3.  Dreams can change. And plans can change. Our journey has felt very "windy". We first went to ARTs, then looked into domestic infant adoption, then took all the foster/adopt classes for adopting thru our county, only to turn around and do IVF. And our story isn't over yet. We may be a family of three when the dust settles (and that is definitely a lot different than I originally pictured things) or we could still fost/adopt or pursue embryo adoption or even do another round of IVF. The truth is I really don't know at this point and that's ok. These are decisions that everyone has to make as an individual couple, based on their family and what they feel that God is leading THEM to do. There is no set right and wrong in this. Which is what makes it both tricky and beautiful. Tricky, because it's hard to know WHAT to do, and beautiful because it's so sweet to see the unique ways God builds families.

4.  Everyone's journey is unique to them.  Just as grief is different for each individual, so is infertility.  The way we each process infertility can vary greatly. I actually think that there are a lot of similarities, but maybe the "stages" end up in different orders.

5.  God does not waste the hurt. He uses the difficult situations in our lives to grow us and make us more like HIM.  I believe he also uses our trials and circumstances to prepare us for things later on.  I'm not saying that I will face something worse than IF later (although that is entirely possible), I'm just saying that I believe God uses everything in our lives to shape us into the person He wants us to be.  And our struggles give us the opportunity to reach out and minister to others in similar situations.  I find SO much comfort and healing in being able to reach out to others and encourage/pray for them.  It blows my mind when I can look back and think of the dear friends I never would have met if it weren't for my infertility journey. 

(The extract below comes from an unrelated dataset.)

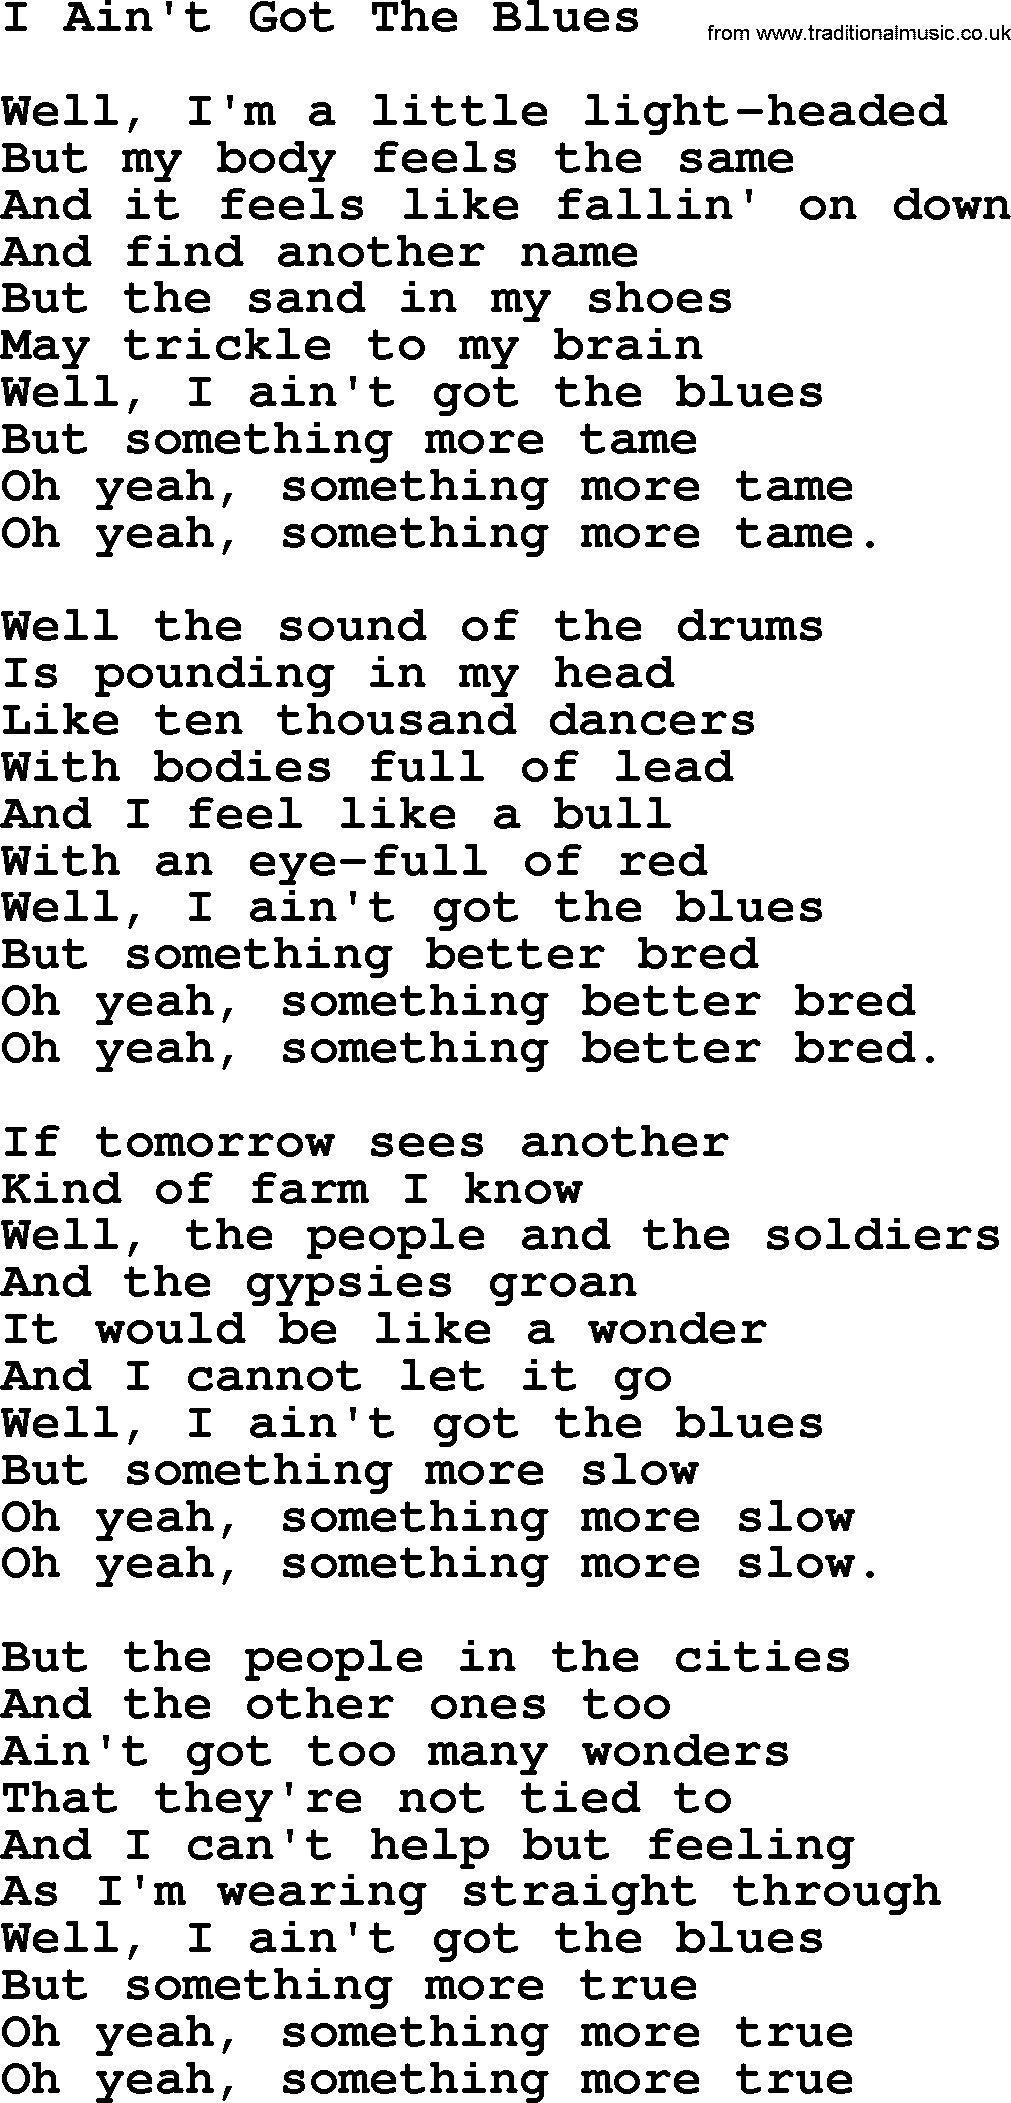 The Byrds song I Ain't Got The Blues, lyrics

6.  God does give us the desires of our heart. Sometimes the desire just needs a little (or a lot) of refining and/or redefining. It's a prayer that I am learning to pray...  Lord, this is where I'm at today, my heart is longing for another baby, but it is also longing for You to give me a desire for what You have for me.  Open my eyes and heart to see my life through Your eyes.  Give me a heart that longs for the things that You would have for me.

7.  What happens to us changes us, but it doesn't have to define us.  I think I have the tendency to forget that I am first and foremost a child of God.  A follower of Christ.  That is the only thing that needs to define me.  Everything else in life that happens to me is a part of my story, but it's not "who I am".

That is my list so far.  I'm sure that there will be more I can add over the coming years.
What are some of the things that infertility has taught you?